One would be hard pressed to find a trio of authors with better experience and academic credentials for writing such a book. All three have ample military experience and graduate education to support their work. They are all currently associated with the National Defense University and have substantial military service including both combat and command. The tome is well-written and understandable to the nonspecialist.

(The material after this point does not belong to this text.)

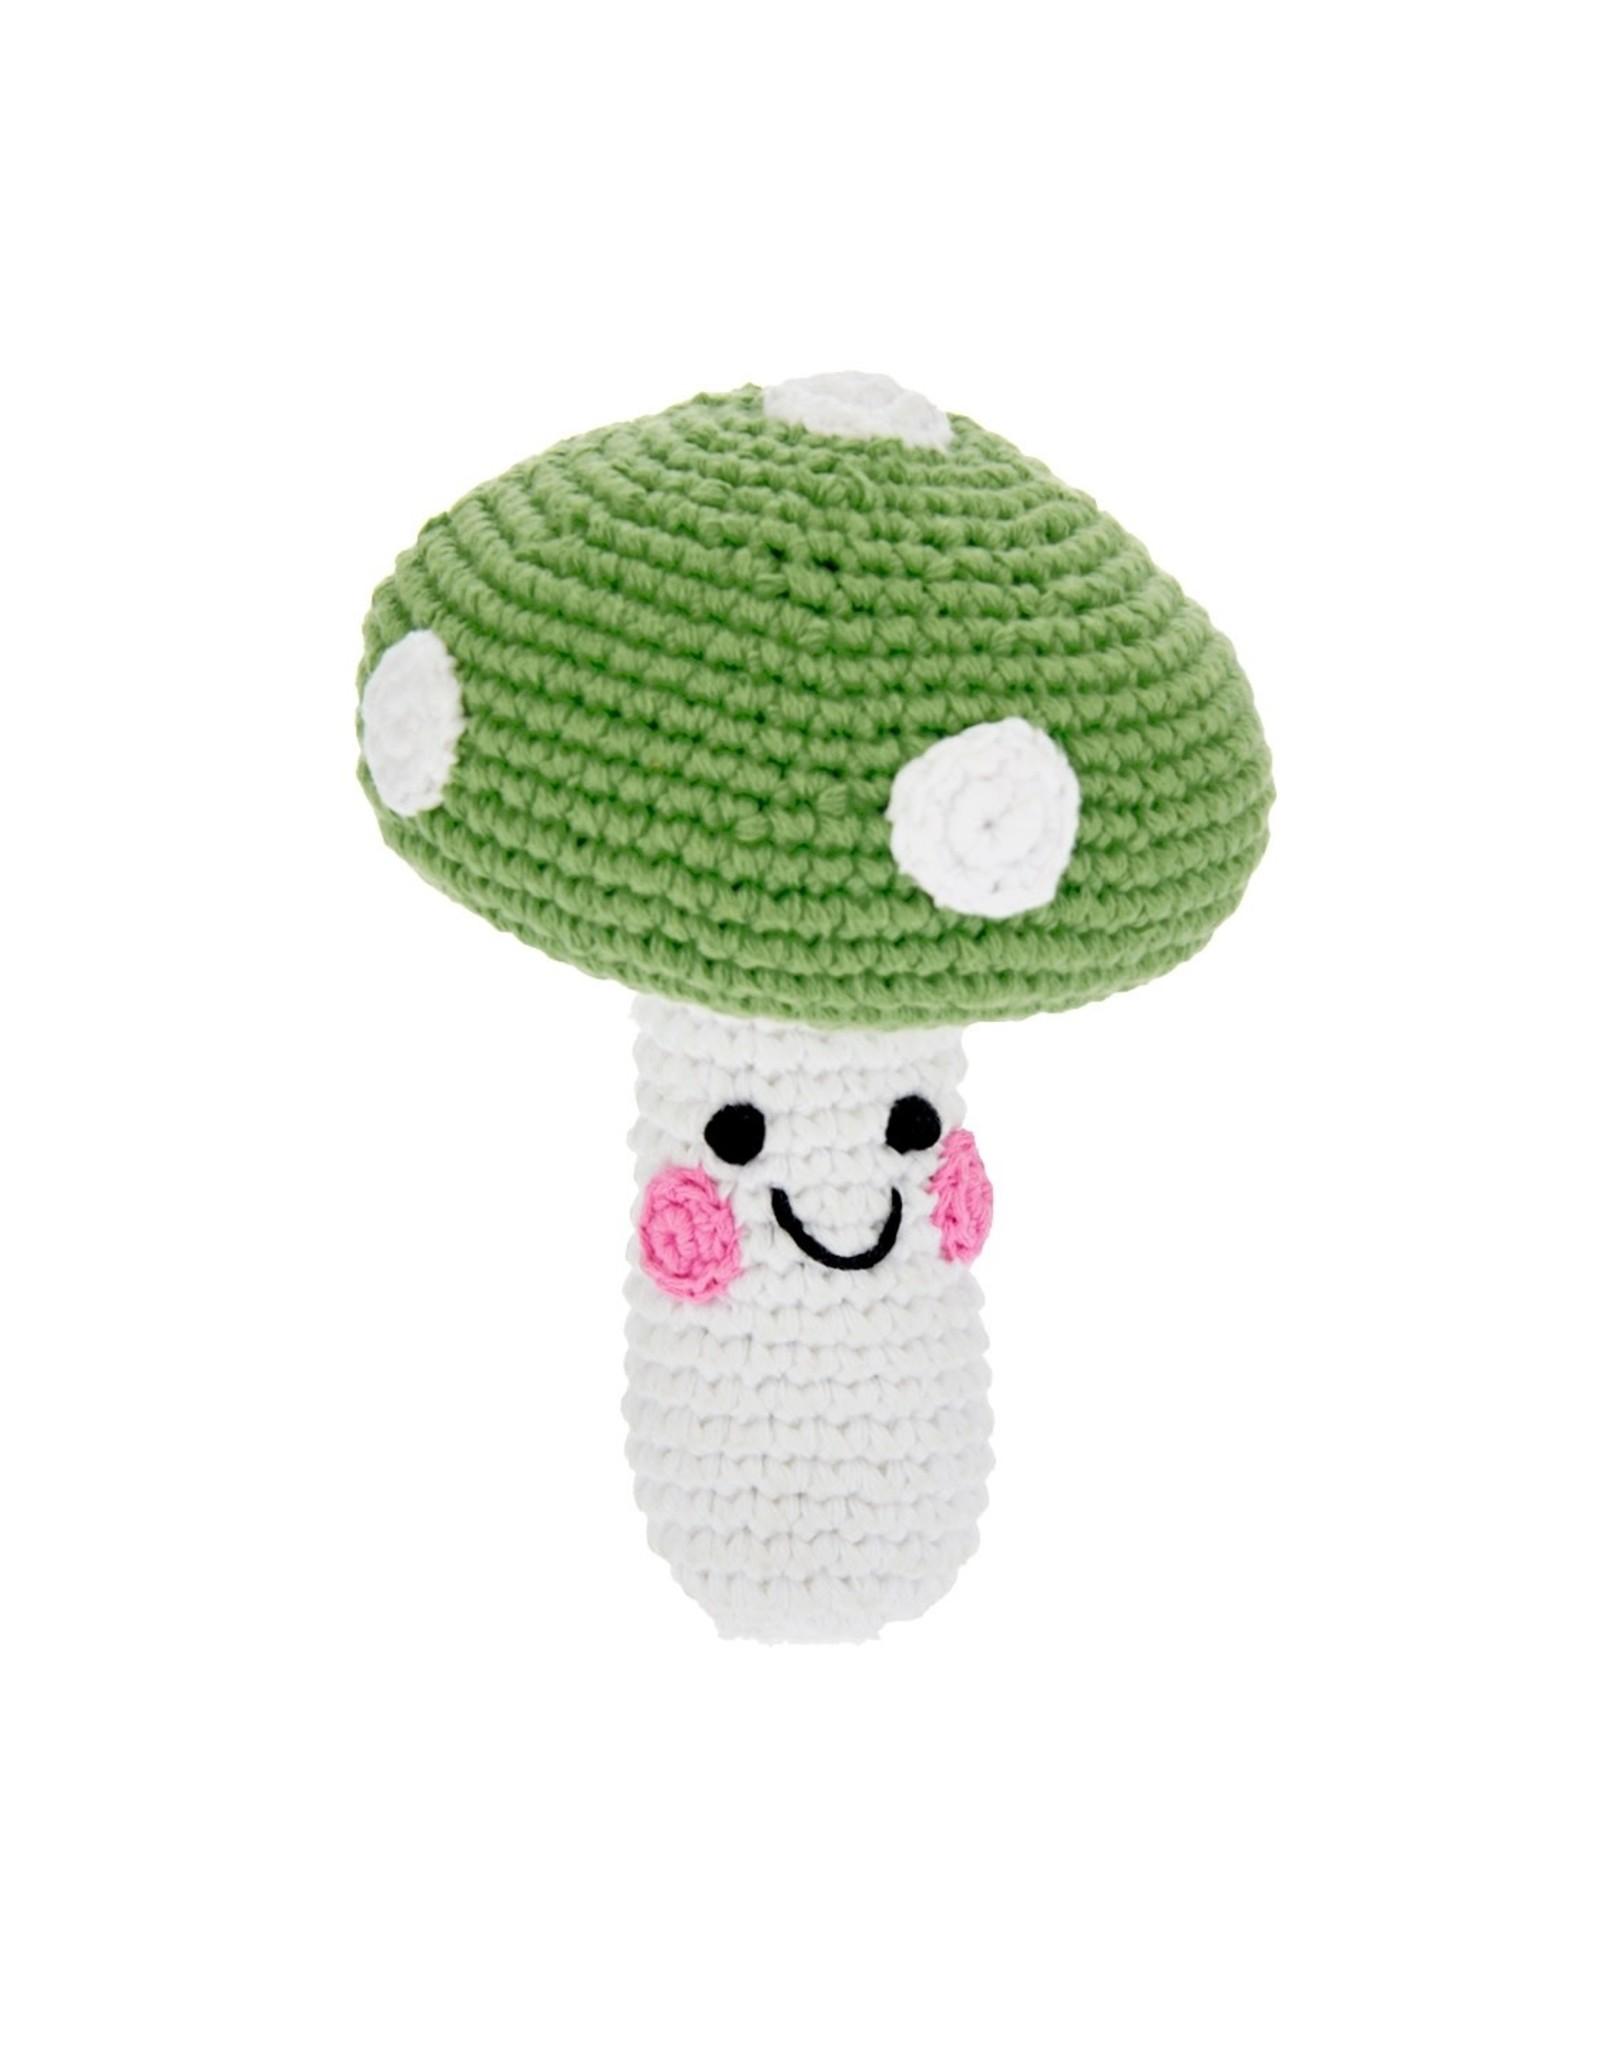 Pebble Friendly Green Mushroom Rattle. Bangladesh
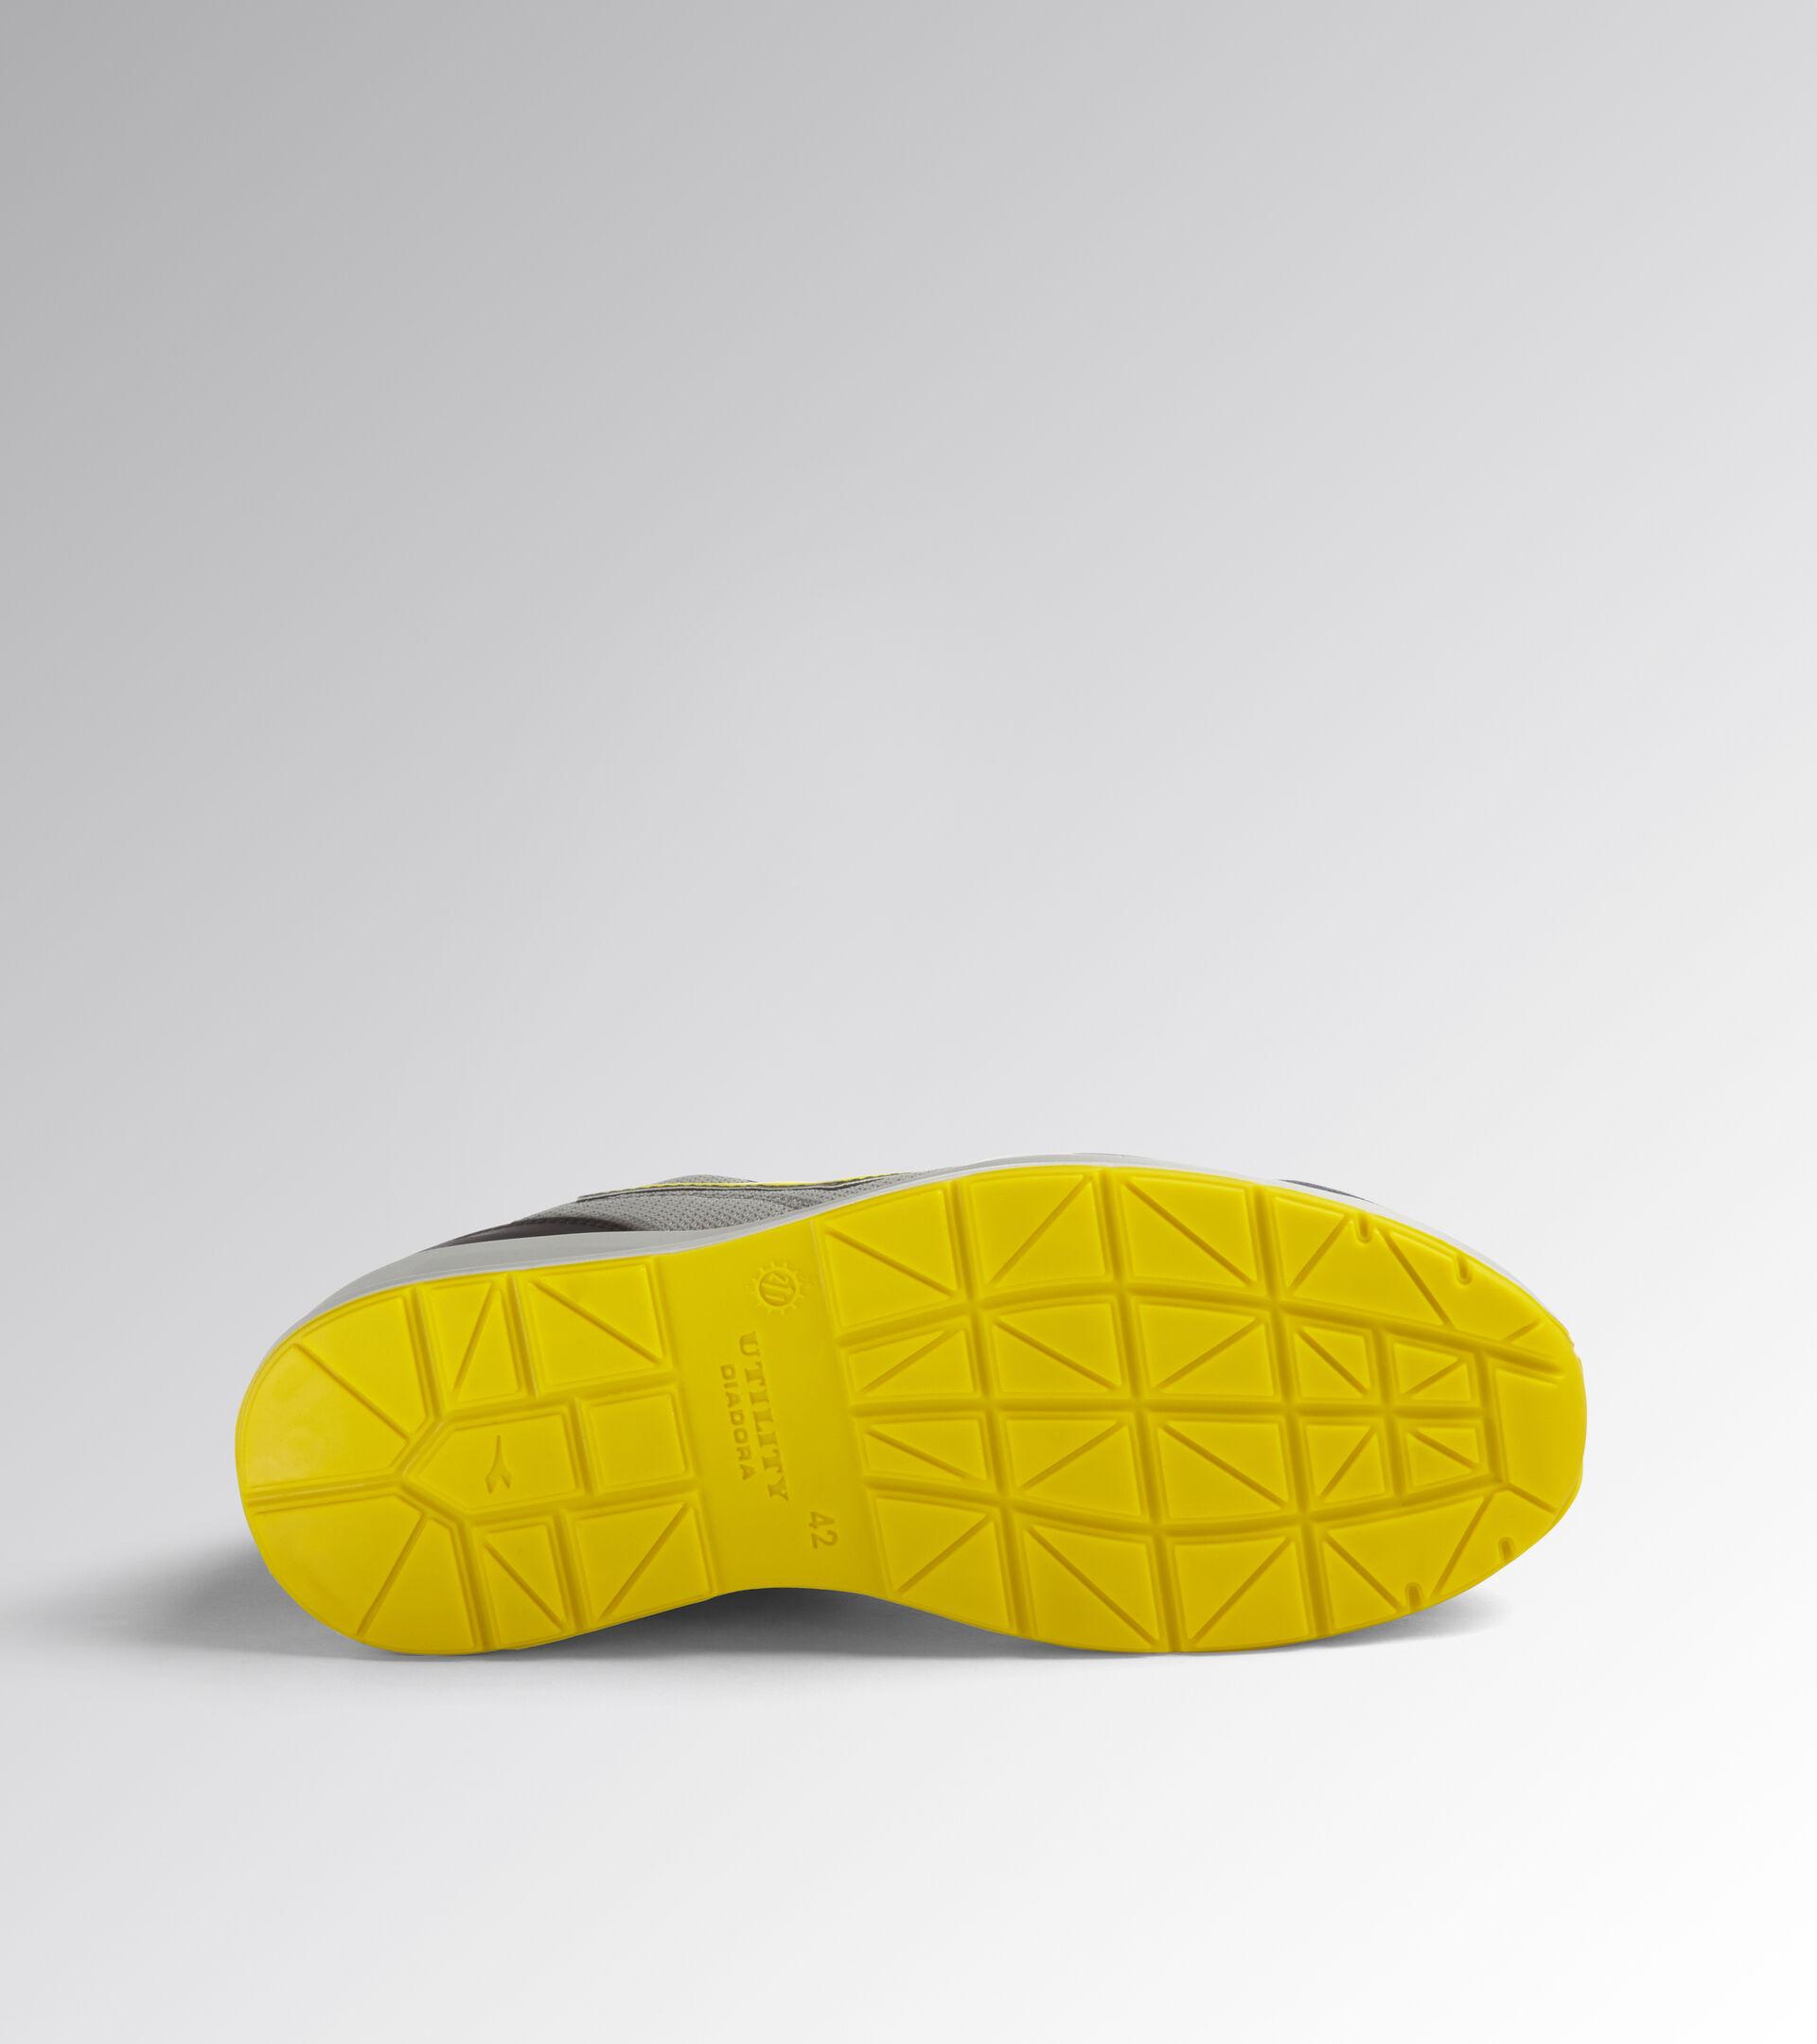 Footwear Utility UNISEX RUN NET AIRBOX LOW S1P SRC BLUE COSMOS/MOON ROCK GRAY Utility

From Kabul to Baghdad is not “drum and trumpet” history though. It gives enough on military operations to support the strategic and political aspects of the struggles. It does cover the battles of Fallujah in 2004 in a summary way but does not dwell on every combat. The tale uses a chronological pattern in general, starting with 9/11 and then OEF. It agrees with the usual interpretation that the Afghanistan operation went exceedingly well notwithstanding the tactical disappointments of Tora Bora and Anaconda. It also agrees with a substantial part of current literature on the wars to the effect that the fruits of the victories of 2001–02 were lost when the strategic focus shifted from Afghanistan to Iraq in 2003. To some extent, the losses were salvaged by the surges in both places, but the final outcomes are yet to be known.

After the experiences of Kaiser Wilhelm and Adolph Hitler in the last century, and that of Napoleon before, it is remarkable scholars find it necessary to warn us of the difficulties in fighting two conflicts at once. But the scale of things then was so different from the current world situation that many would counter with the “history does not repeat itself” argument, also citing past cases where dual wars were won. But Kabul to Baghdad does recognize that the world has changed and is changing in unpredictable ways. The Westphalia system founded in the seventeenth century, wherein the state was the determinant of outcomes, was still operationally dominant in Napoleon’s and Hitler’s days. But now, these authors agree, it is changing because of technology, the Internet, and globalization. Now nonstate actors are becoming increasingly important, and the dominance of the state is diminishing. One consequence is that though conventional forces remain important and need to be sustained, irregular warfare is and will remain on the rise, and a different capability to face that problem must also be supported.

From Kabul to Baghdad and Back is a first-class work. If the military professionals have time to read but one book this year, they would be well advised to make this the one.

David R. Mets, PhD

Niceville, Florida

"The views expressed are those of the author(s) and do not reflect the official policy or position of the US government or the Department of Defense."